Prag/Brünn: (Zitiert nach dem Ostpreußenblatt 1993-01-16)

Ein Land sucht seinen Namen
Umgangssprachliche Bezeichnung der CR ist noch immer umstritten.
Daß Deutschland immer Deutschland heißen würde, unabhängig von seiner offiziellen Staatsbezeichnung, darüber bestand auch kurz nach dem Zusammenbruch der DDR und der sich abzeichnenden Vereinigung kein Zweifel im Lande. Lediglich die offizielle Staatsbezeichnung erregte damals kurze Zeit die Gemüter der Menschen – Deutsche Republik, Deutscher Bund, Deutsches Reich oder auch einfach nur Deutschland? – bis ihnen Technokraten und Rheinrepublik-Nostalgiker in ihrer gewohnten "Mies-wie-gehabt"-Manier die Arbeit abnahmen. So einfach werden es die Tschechen in ihrem neuen Staat wohl nicht haben. Die dortigen Technokraten haben die Arbeit zwar schon hinter sich, bevor sie begonnen hat – die offizielle Bezeichnung des Staates stand schon zu Zeiten der Föderation mit der Slowakei: Tschechische Republik, kurz CR. Ihnen fehlt eigentlich nur das neue Autokennzeichen, da "CR" schon von Costa Rica besetzt ist. Eine viel bohrendere und gänzlich ungelöste Frage jedoch ist der Rufname des neuen Staates. Einigen kritischen Geistern nämlich ist jetzt eingefallen, daß das schlichte "Tschechei" belastet sein soll: Schon zur Habsburger Zeit wurde es angeblich herablassend gebraucht und habe seinen Todesstoß endgültig mit der Hitler-Sentenz von der "Erledigung der Rest-Tschechei" erhalten.

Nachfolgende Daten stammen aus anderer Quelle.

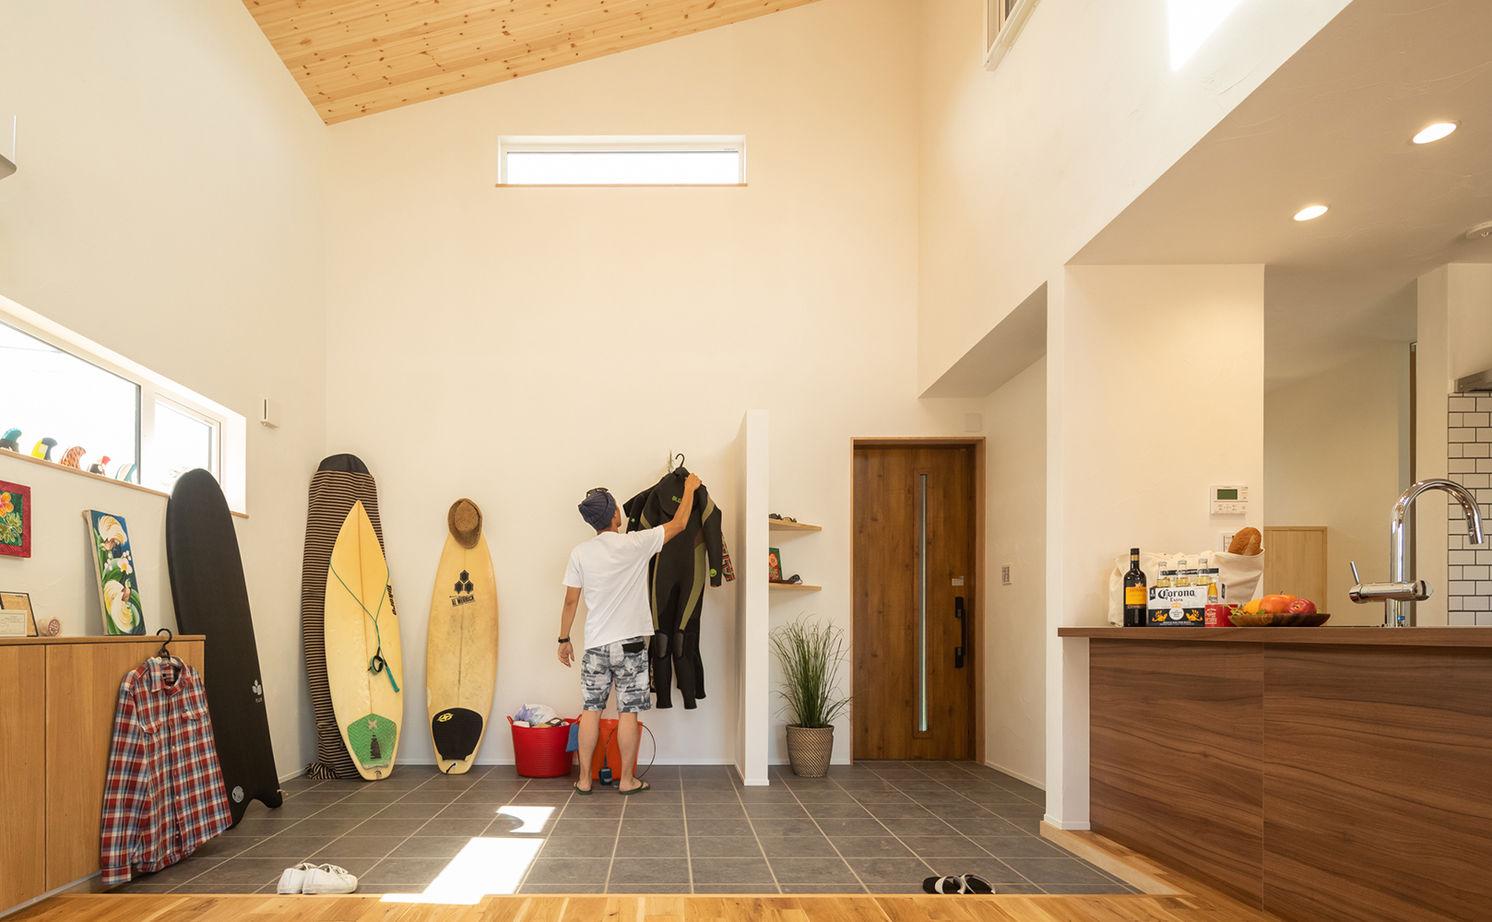 広い土間玄関からバスルームへ直行。2階は主寝室だけという大胆な設計で叶える大空間

In Prag hat man sich daher bereits daran gewöhnt, einfach von Böhmen zu sprechen und das Ganze zu meinen. Das wiedererwachte Selbstbewußtsein der Mährer treibt diese zu einem klaren Nein zu dieser Anmaßung, wie sie in Brünn gedeutet wird.

Wenn aber "Tschechei" als Kompromiß nicht akzeptabel sein sollte, dann dürfte das vom Reichsprotektorat vorverdaute "Böhmen und Mähren" schon erst recht als Unwort erscheinen. Und "Böhmische Länder", wenn auch historisch korrekt, läßt wieder einmal Mähren als Appendix erscheinen.

In Österreich hat man die Lösung offenbar schon gefunden: Dort ist allenthalben von "Tschechien" die Rede. Ein Wort, das allerdings sowohl in seiner deutschen wie in seiner tschechischen Fassung schon klanglich einen etwas mickerigen Eindruck hinterläßt. So bleibt denn wohl nur das, was im deutsch-tschechischen Grenzgebiet sowieso längst ohne historische Vorbehalte von Mund zu Mund geht: "Tschechei" –  und nichts weiter.
Jan Bremer

Übrigens ist der Name "Tschechien" nicht ganz neu: bereits bei Hanus Kuffners Pamphlet "Unser Staat und der Weltfrieden" taucht in der deutschen Fassung auf den Landkarten das Wort "Tschechien" auf – bereits (in der deutschen Ausgabe) 1922!